Input data =
• • • • • • •
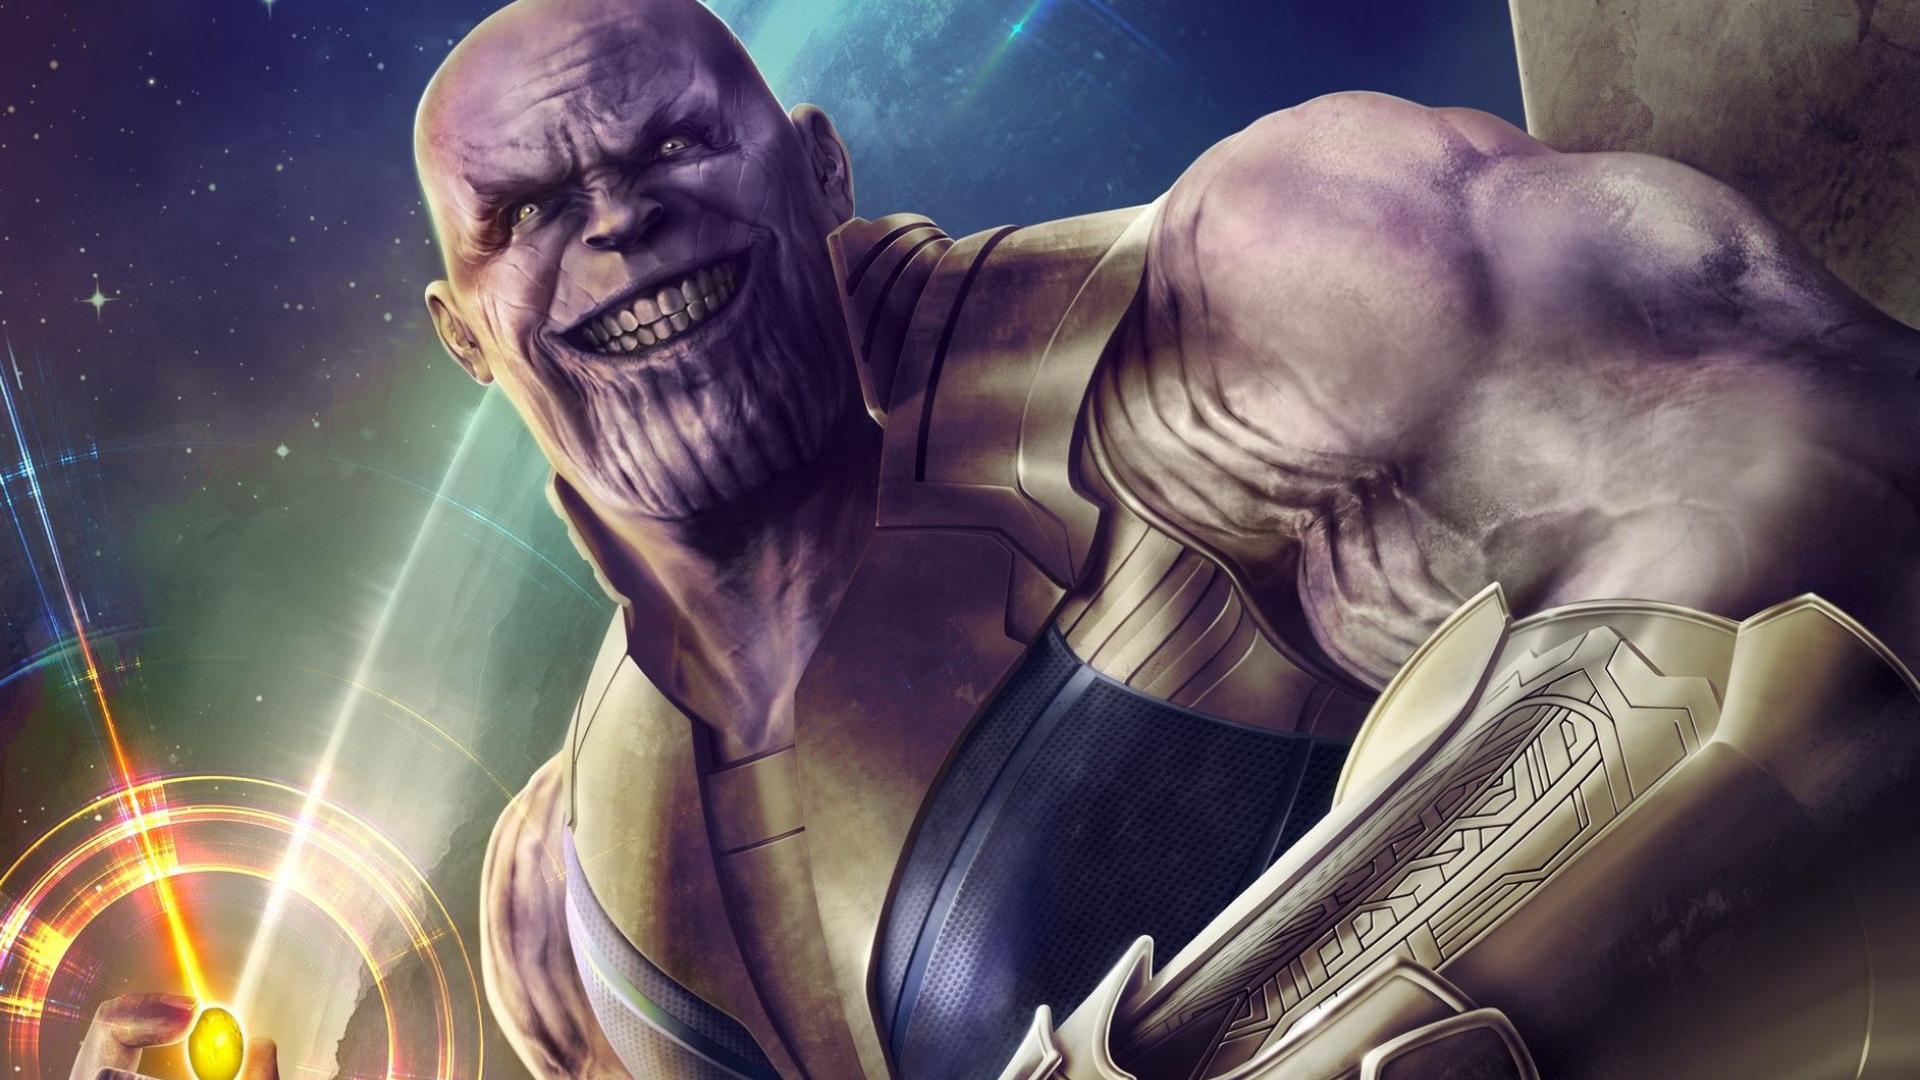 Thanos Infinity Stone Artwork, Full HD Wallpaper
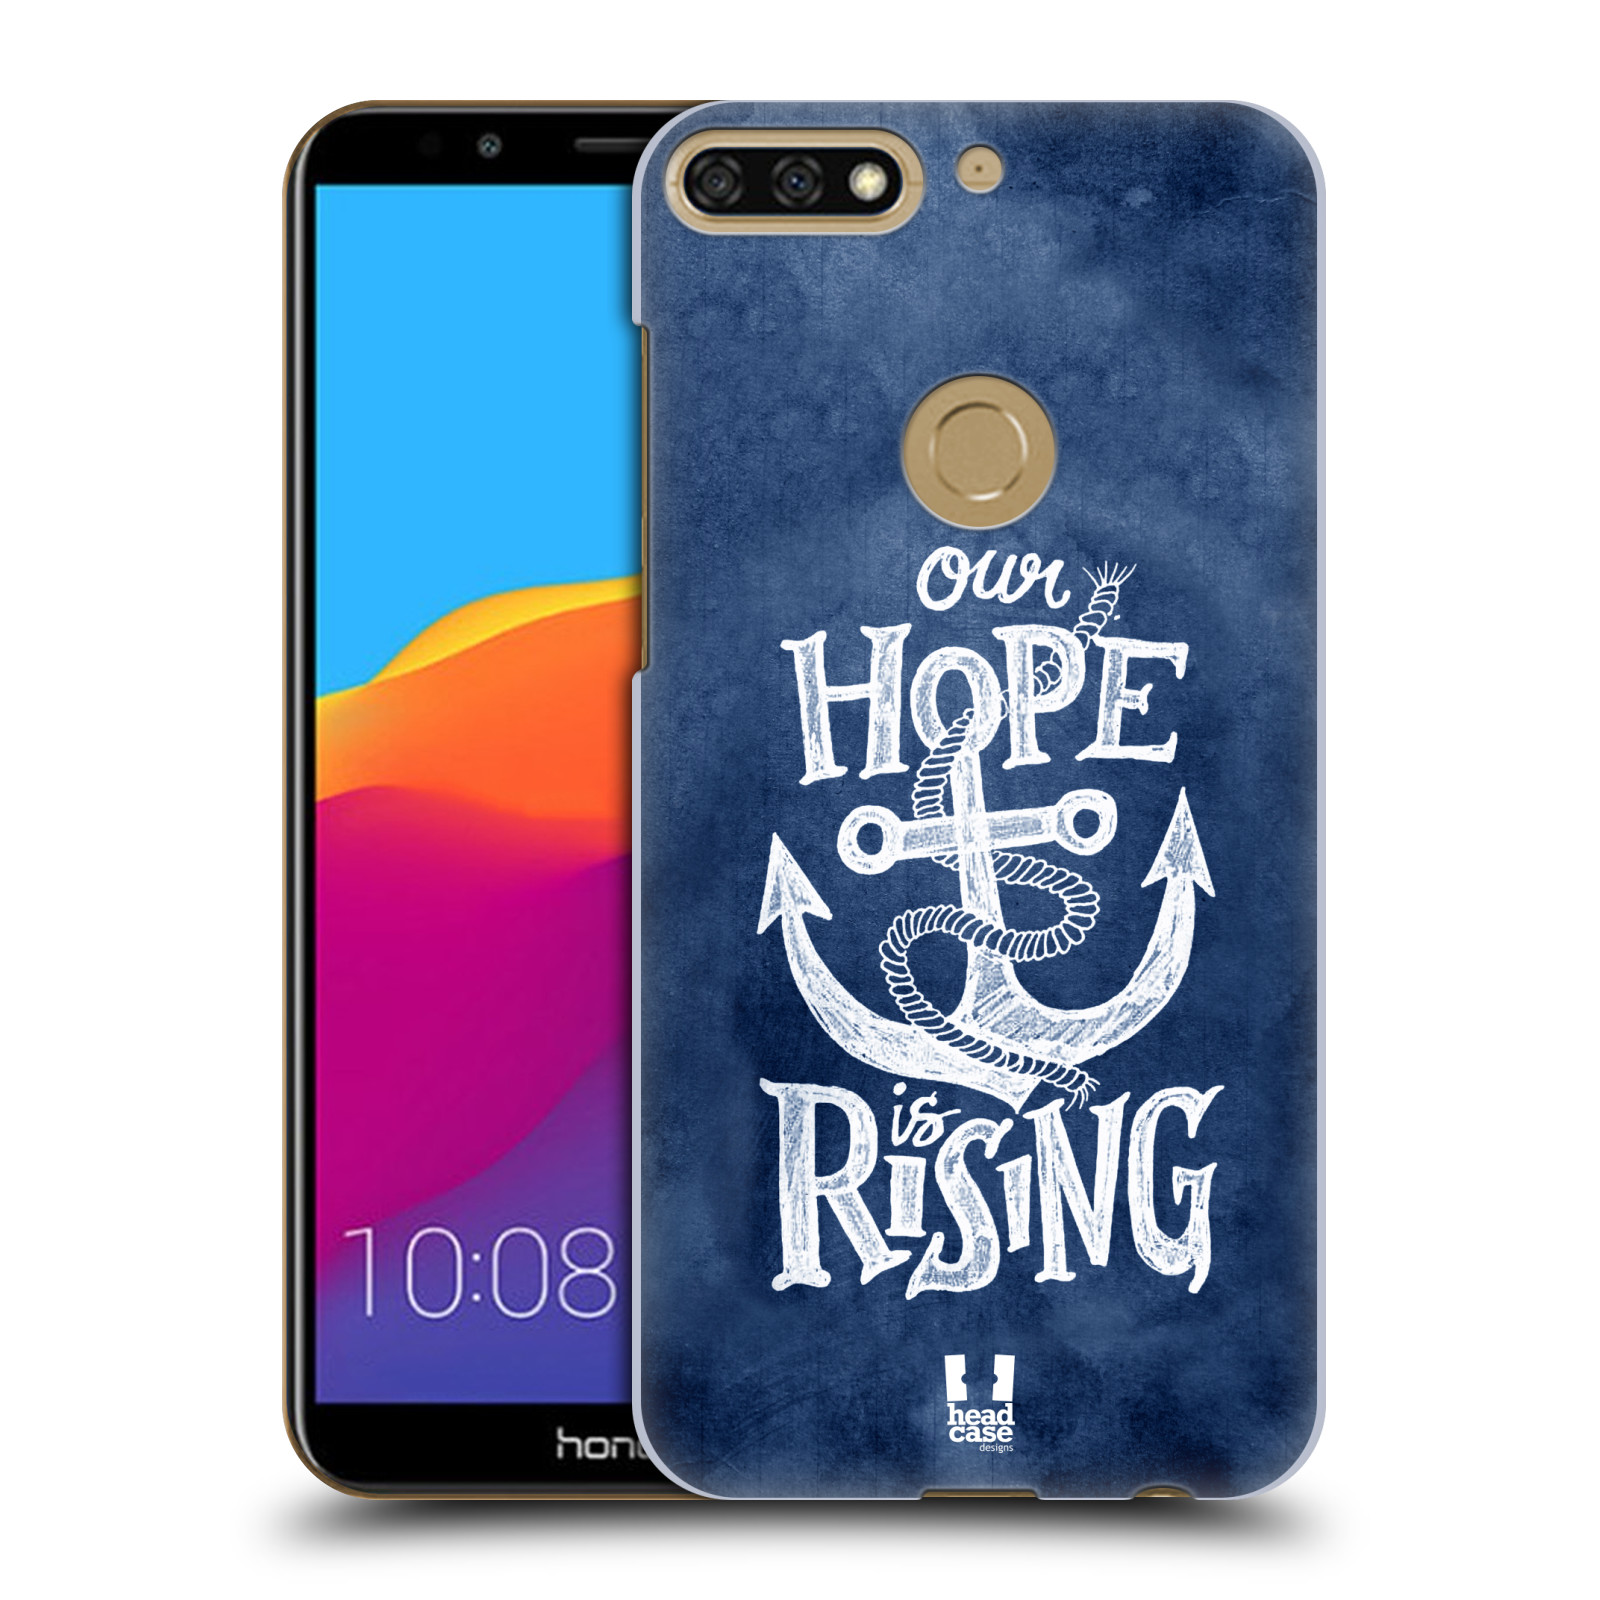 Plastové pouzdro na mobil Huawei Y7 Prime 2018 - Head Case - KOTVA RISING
• • • • • • •
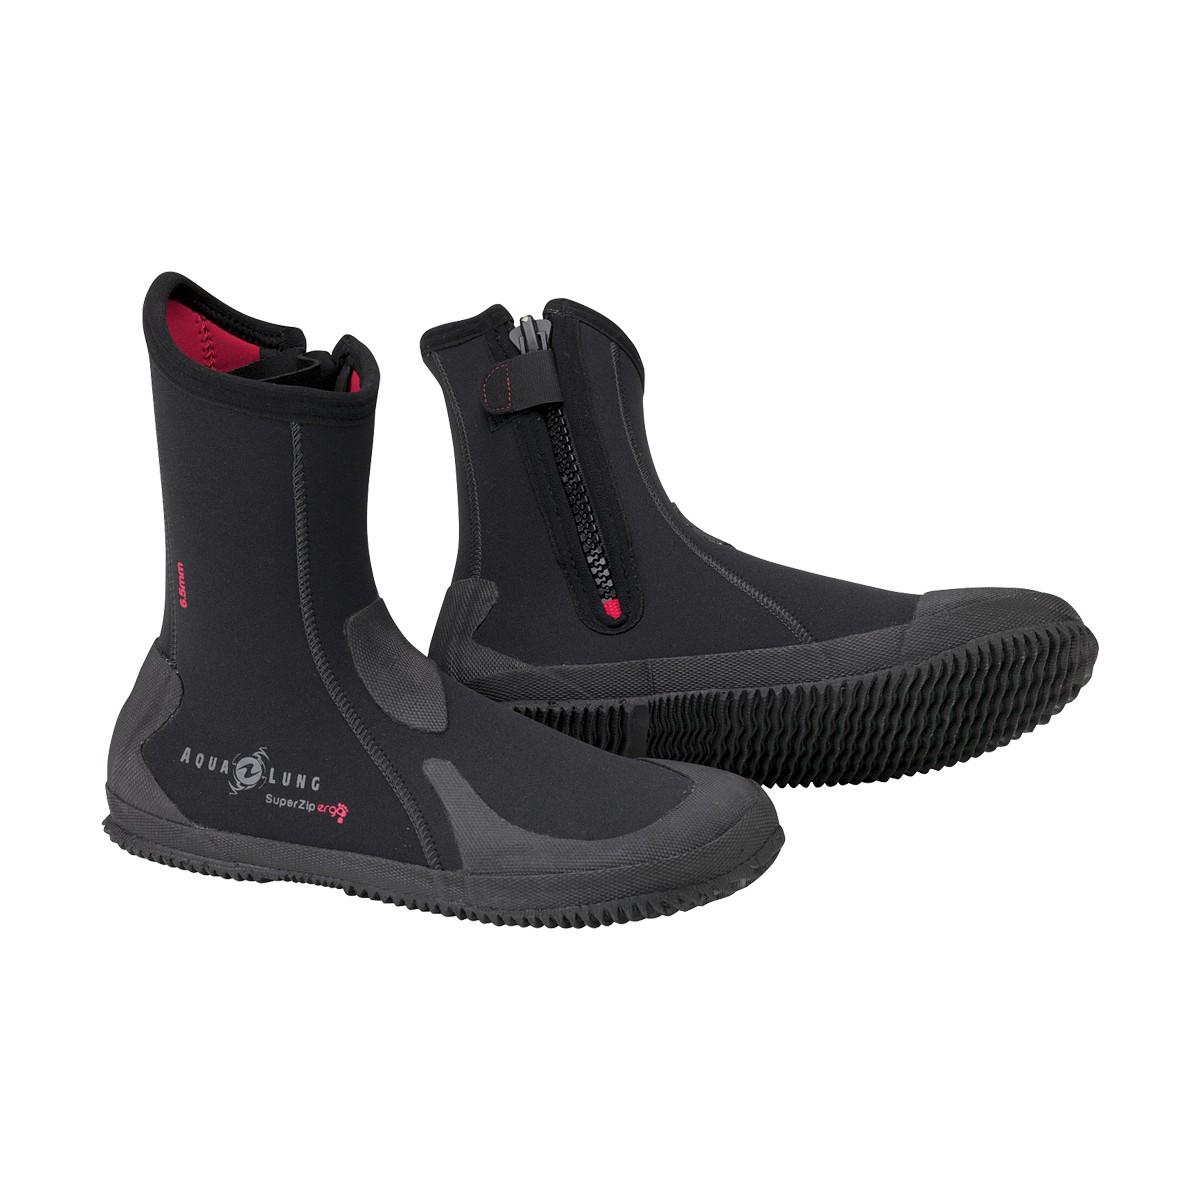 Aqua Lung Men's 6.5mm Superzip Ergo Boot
• • • • • • •
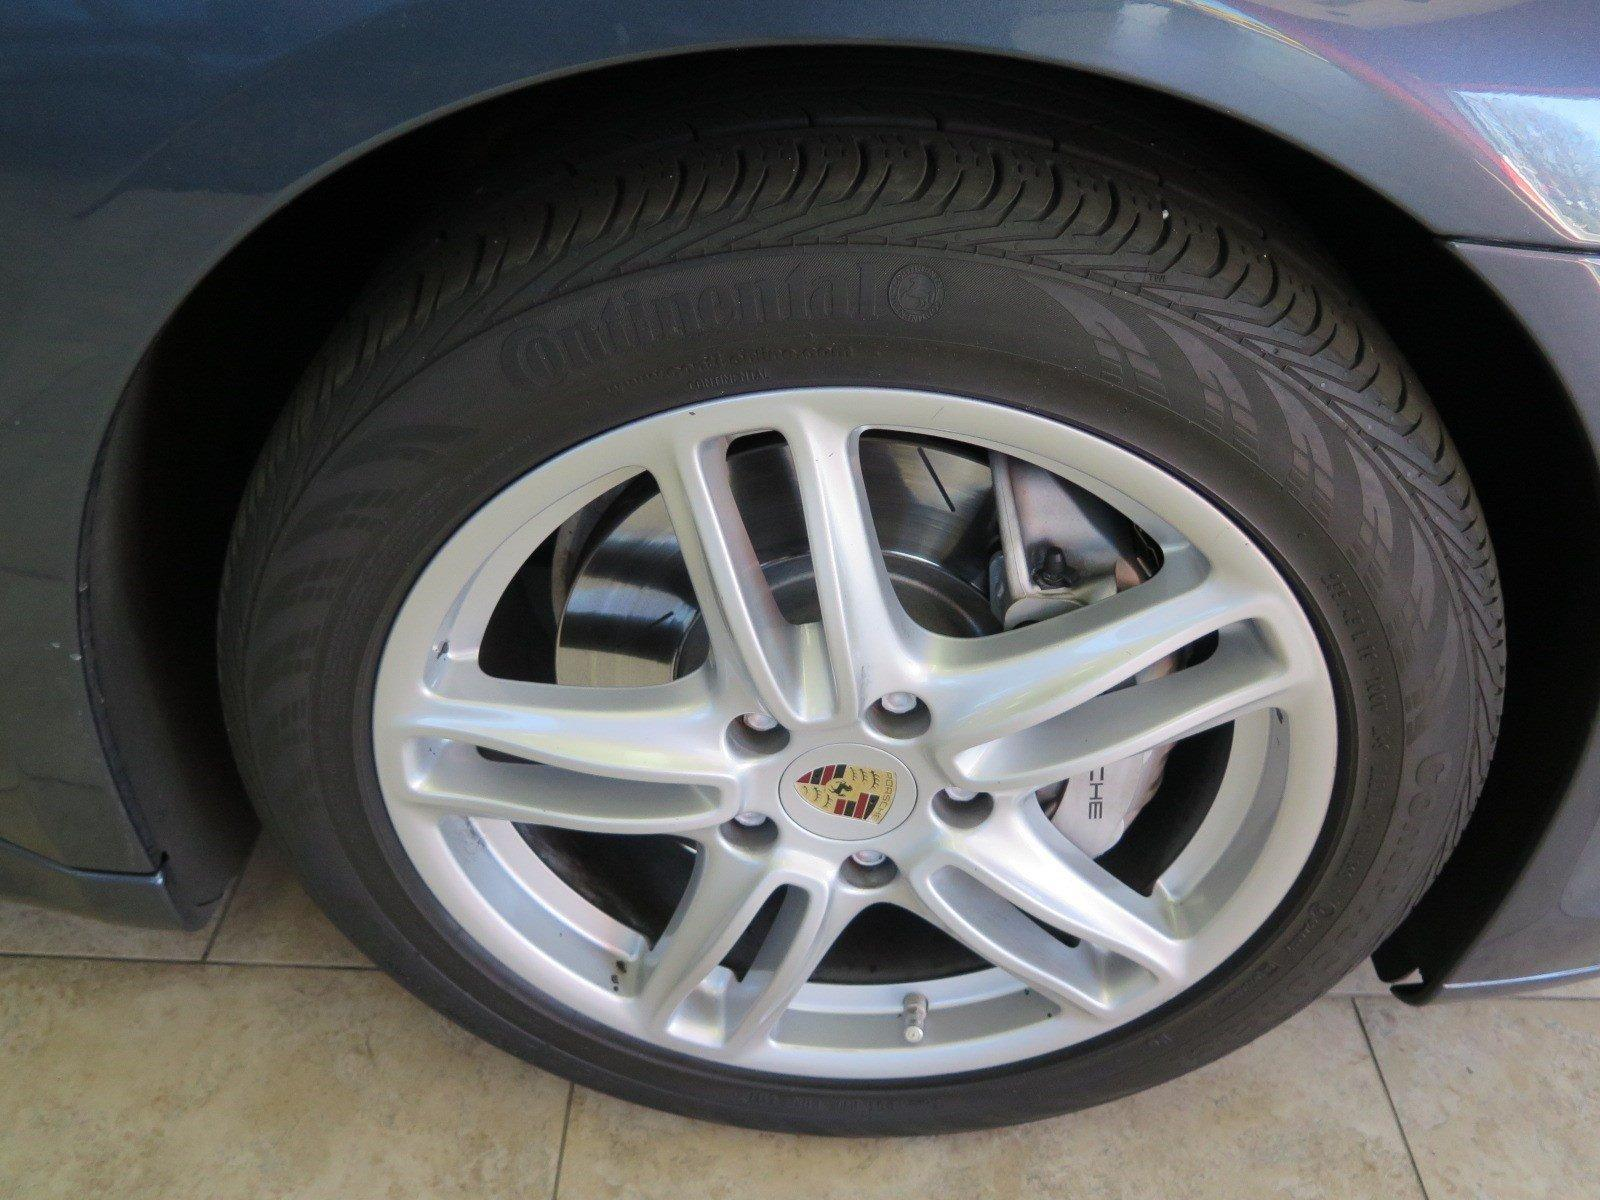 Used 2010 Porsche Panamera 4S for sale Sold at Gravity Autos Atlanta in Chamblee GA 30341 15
• • • • • • •
Try it = Could you repeat, exactly, only the lines above starting at the one that has "Thanos Infinity Stone" and stopping after the one that has "Plastové pouzdro na", without the pictures?

Response below =
 Thanos Infinity Stone Artwork, Full HD Wallpaper
 Plastové pouzdro na mobil Huawei Y7 Prime 2018 - Head Case - KOTVA RISING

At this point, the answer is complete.